A look into RWKV: A more efficient answer to Transformers? [Breakdowns]

How an RNN Style Architecture is challenging the dominance of Transformers in NLP

Mar 15, 2024

Hey, it’s Devansh 👋👋

In my series Breakdowns, I go through complicated literature on Machine Learning to extract the most valuable insights. Expect concise, jargon-free, but still useful analysis aimed at helping you understand the intricacies of Cutting-Edge AI Research and the applications of Deep Learning at the highest level.

I put a lot of effort into creating work that is informative, useful, and independent from undue influence. If you’d like to support my writing, please consider becoming a paid subscriber to this newsletter. Doing so helps me put more effort into writing/research, reach more people, and supports my crippling chocolate milk addiction. Help me democratize the most important ideas in AI Research and Engineering to over 100K readers weekly. Many companies have a learning budget that you can expense this newsletter to. You can use the following for an email template to request reimbursement for your subscription.

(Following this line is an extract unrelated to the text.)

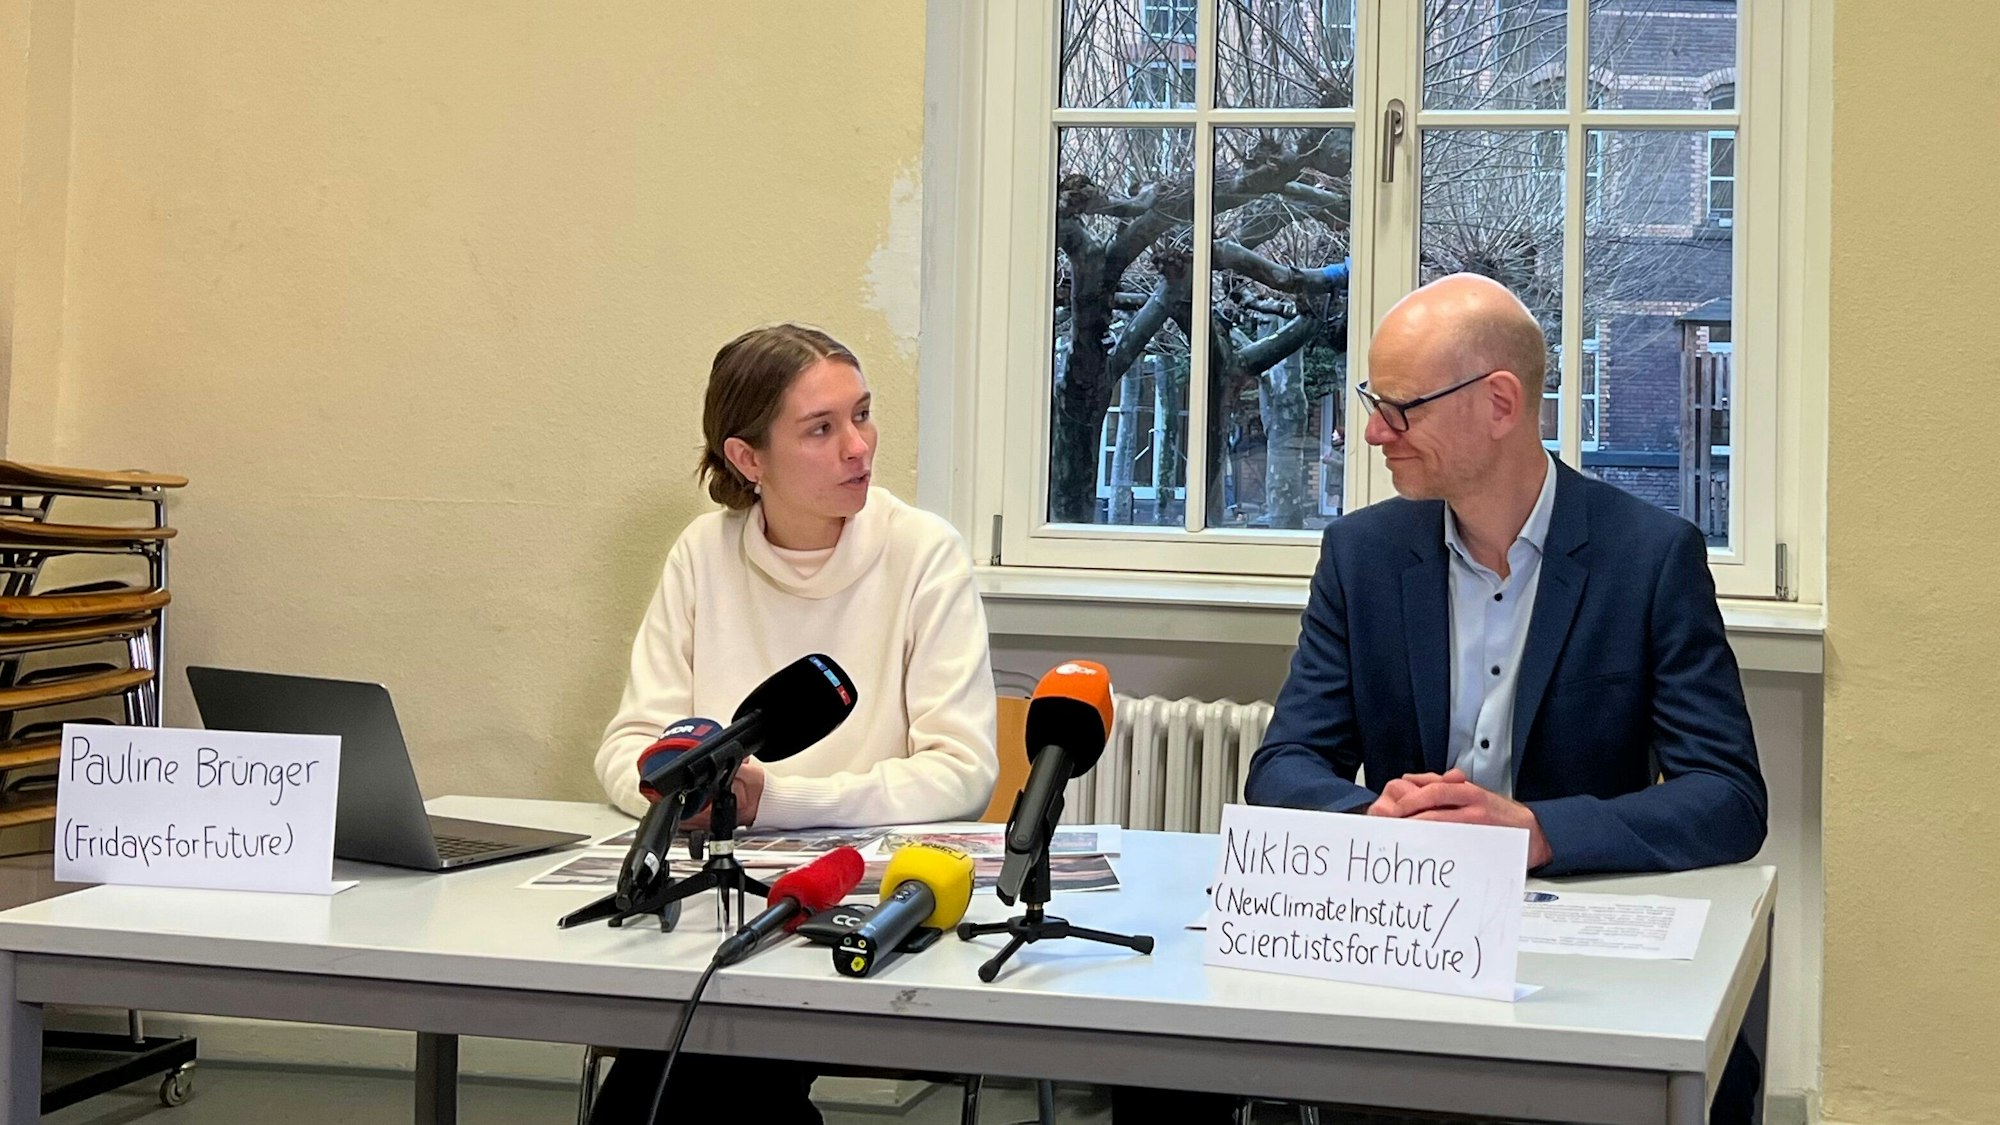 Pauline Brünger und Niklas Höhne bei der Pressekonferenz.

Help me buy chocolate milk

PS- We follow a “pay what you can” model, which allows you to support within your means, and support my mission of providing high-quality technical education to everyone for less than the price of a cup of coffee. Check out this post for more details and to find a plan that works for you.

Executive Highlights

Market Impact: From my assessment of this architecture, this would be better than Transformers for more generic chatbot/assistant/Q&A implementations, since it can be implemented efficiently. However, I would be careful using RWKV networks as a base when deeper relationships between data-points is crucial. Additionally, the prompt sensitivity would require additional testing and is a disadvantage when we compare RWKV to transformers. Lastly, the inherent multi-linguality, open-source nature, and efficiency of RWKV make it the best LLM for accessibility and bringing AI to more people. Governments and socially oriented businesses should take special note of RWKV. It requires more effort to get going, but I am sure that RWKV will be an extremely important architecture for NLP going forward.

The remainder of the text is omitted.